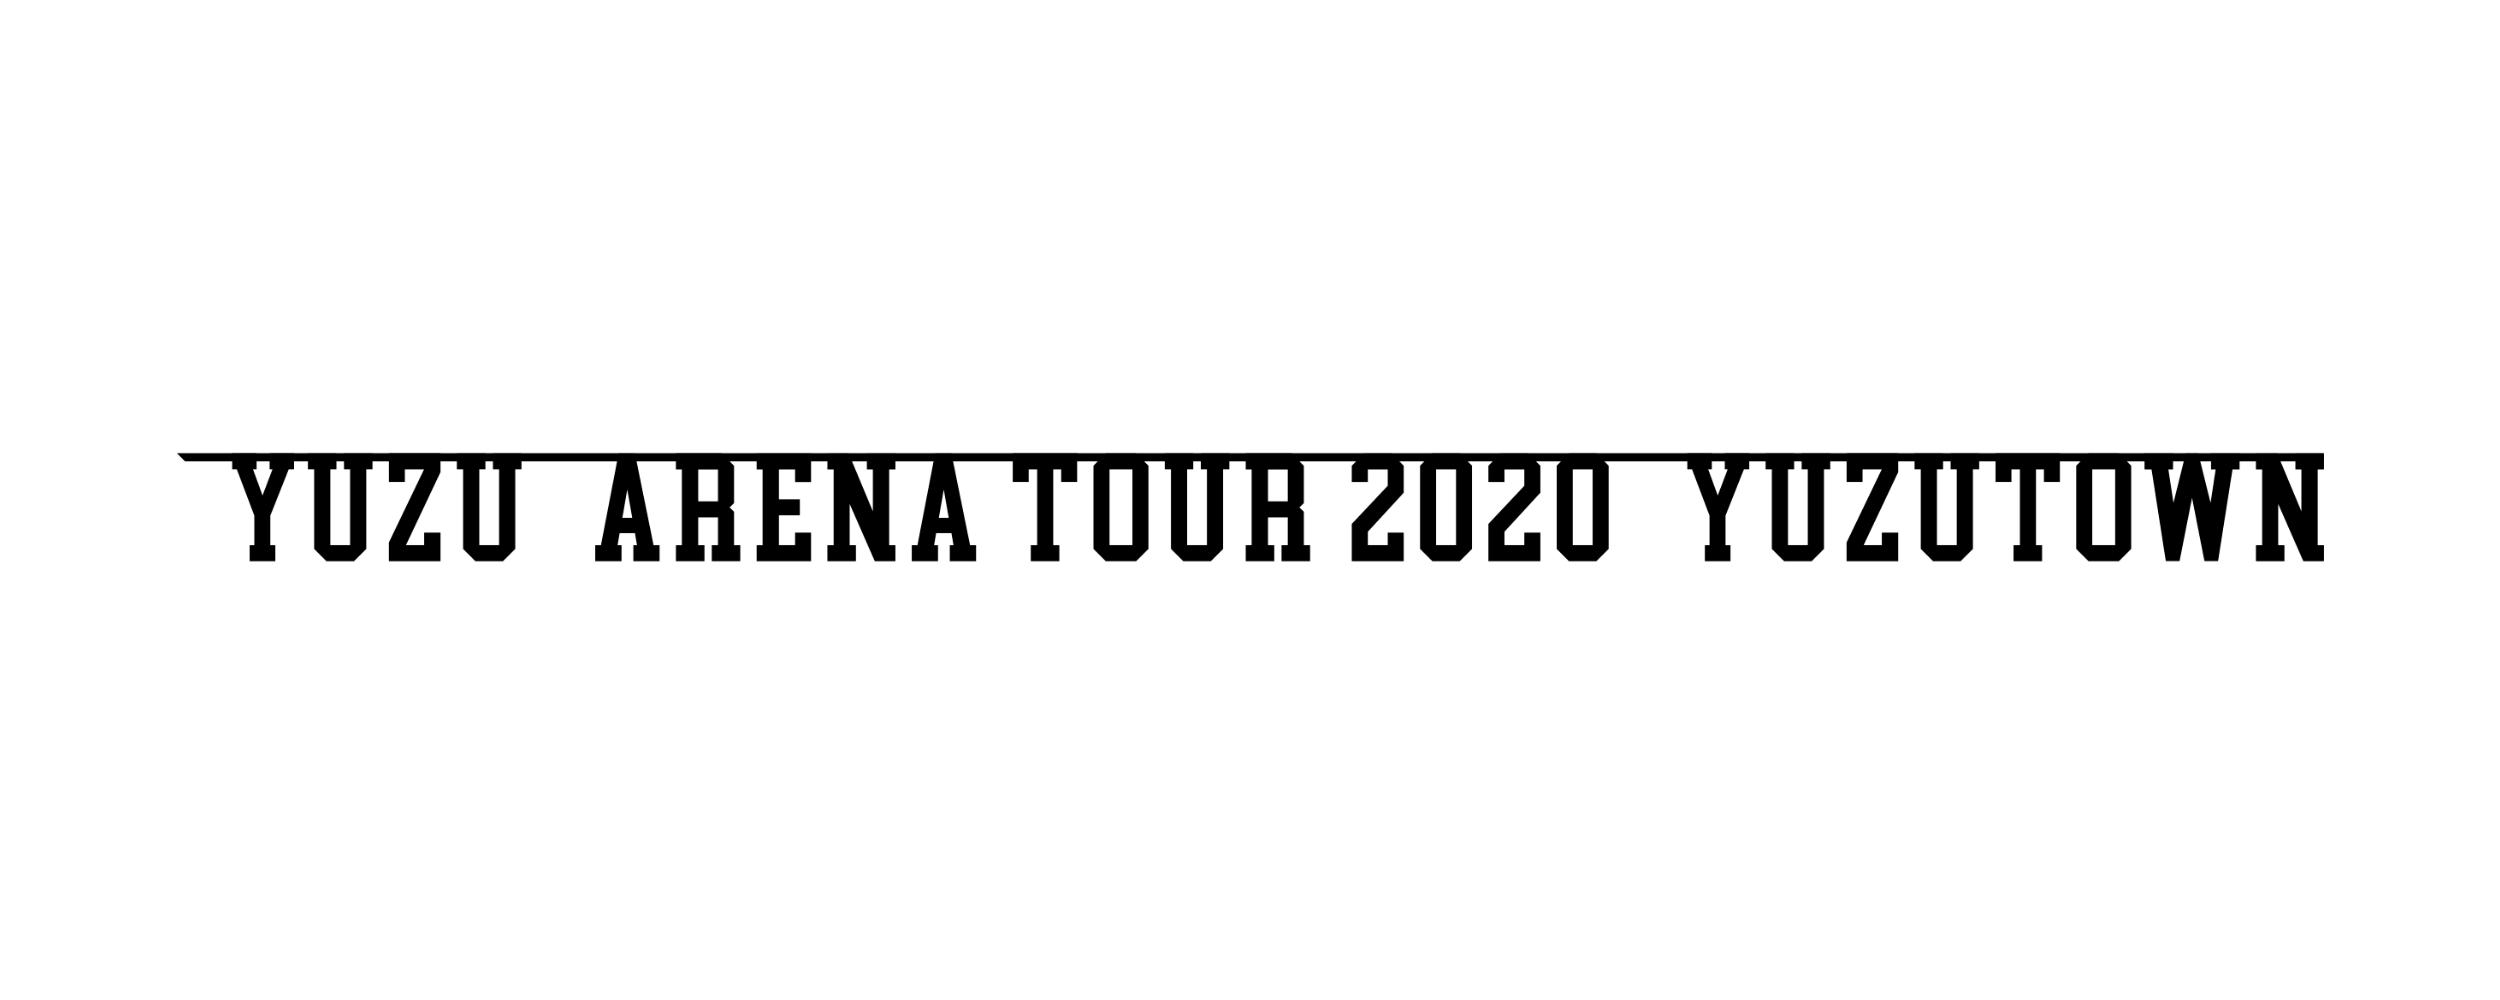 YUZU ARENA TOUR 2020 YUZUTOWN
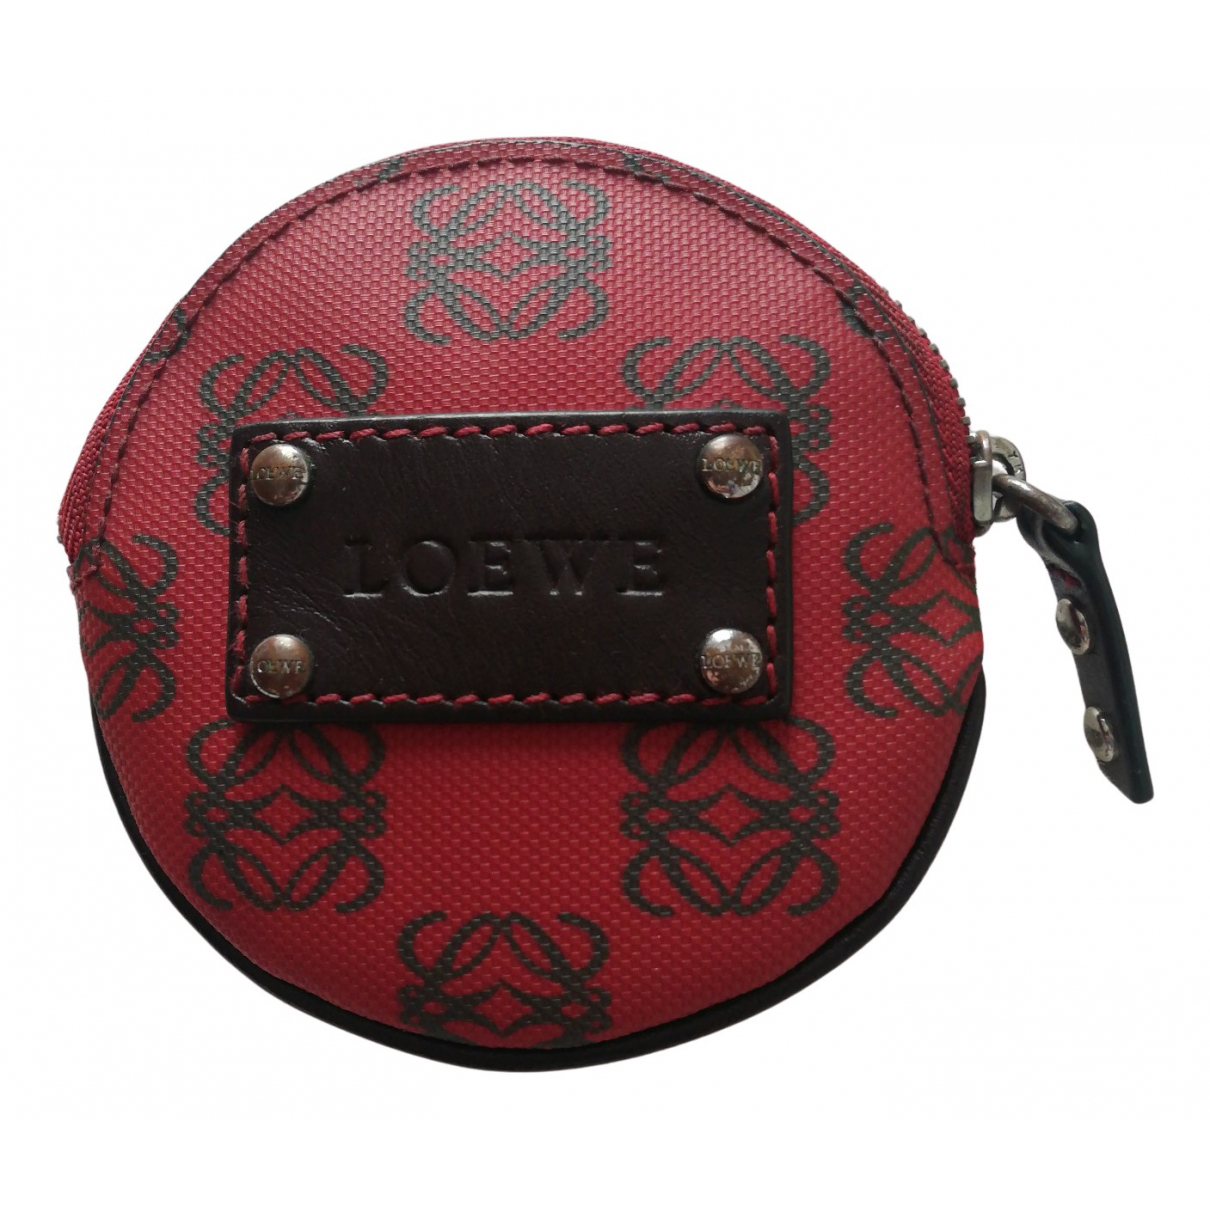 Loewe N Multicolour Cloth Purses, wallet & cases for Women N
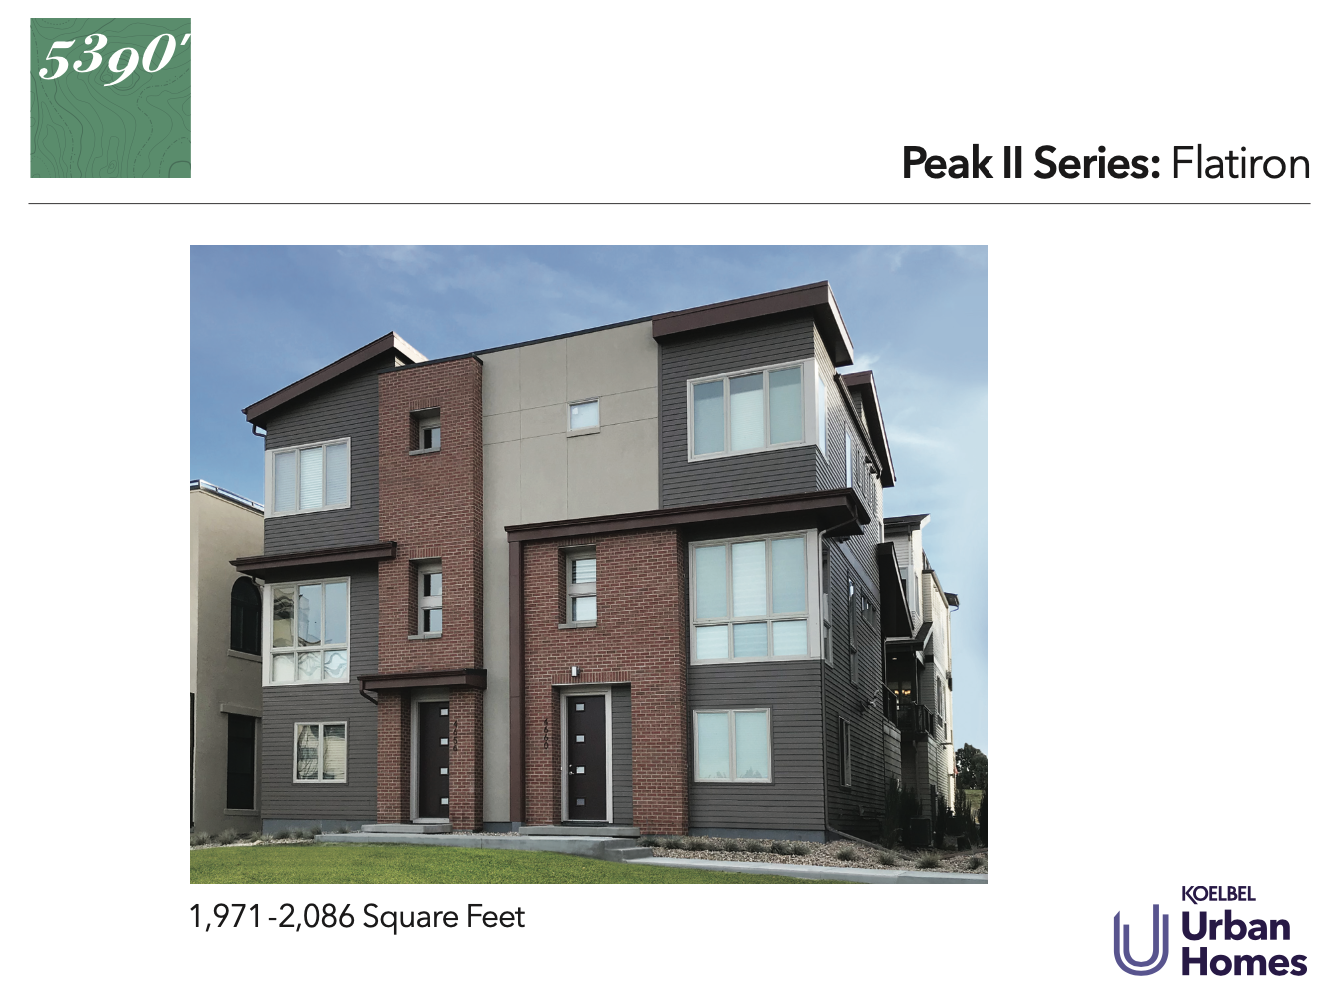 5390' Community by Koelbel in the Berkeley Tennyson Neighborhood Denver New Construction Homes For Sale Peak II Flatiron Elevation
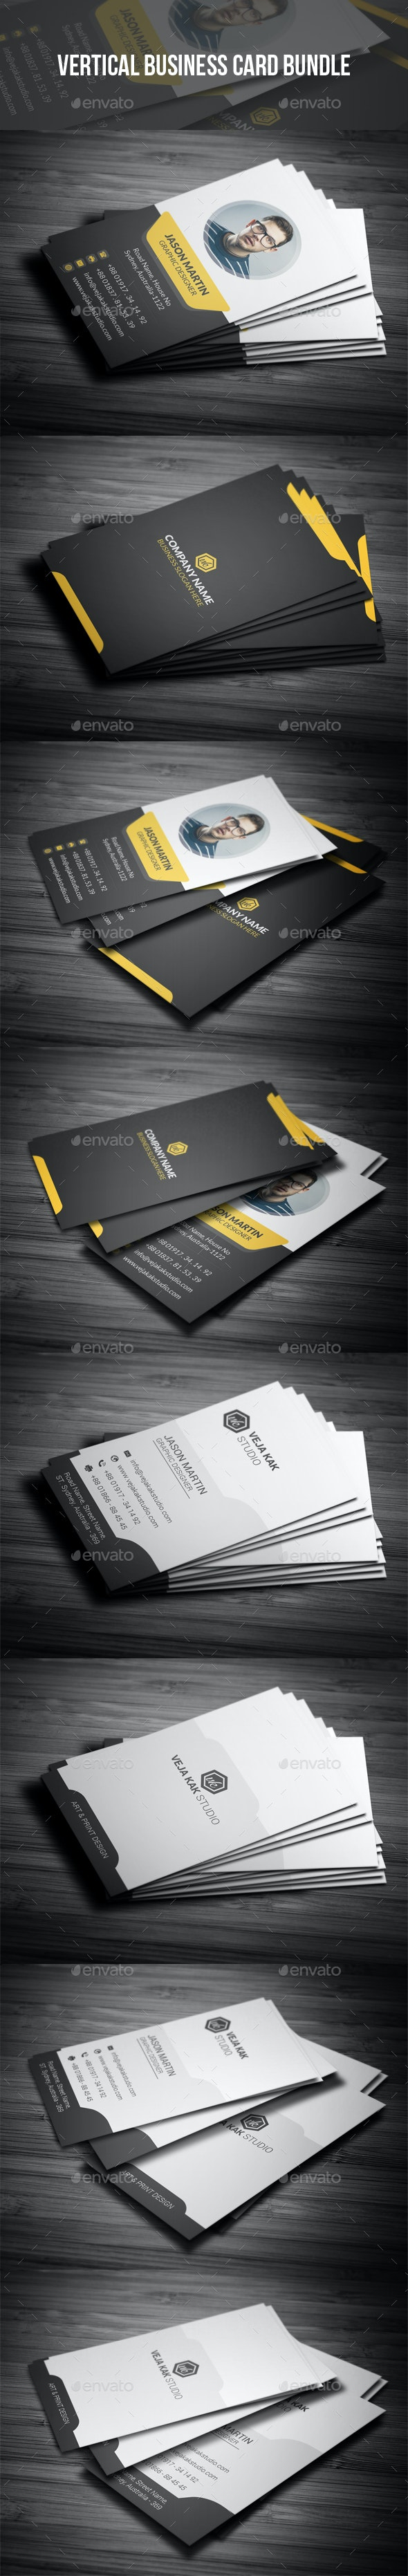 Vertical Business Card Bundle - Creative Business Cards

§ **WORK TO BE COMPLETED**
Pictures are to be omitted from the copy. Reproduce exactly, and only, the lines from the one containing "Loewe N Multicolour" to the end of the listing above.

§ **COMPLETED TASK**
 Loewe N Multicolour Cloth Purses, wallet & cases for Women N
 5390' Community by Koelbel in the Berkeley Tennyson Neighborhood Denver New Construction Homes For Sale Peak II Flatiron Elevation
 Vertical Business Card Bundle - Creative Business Cards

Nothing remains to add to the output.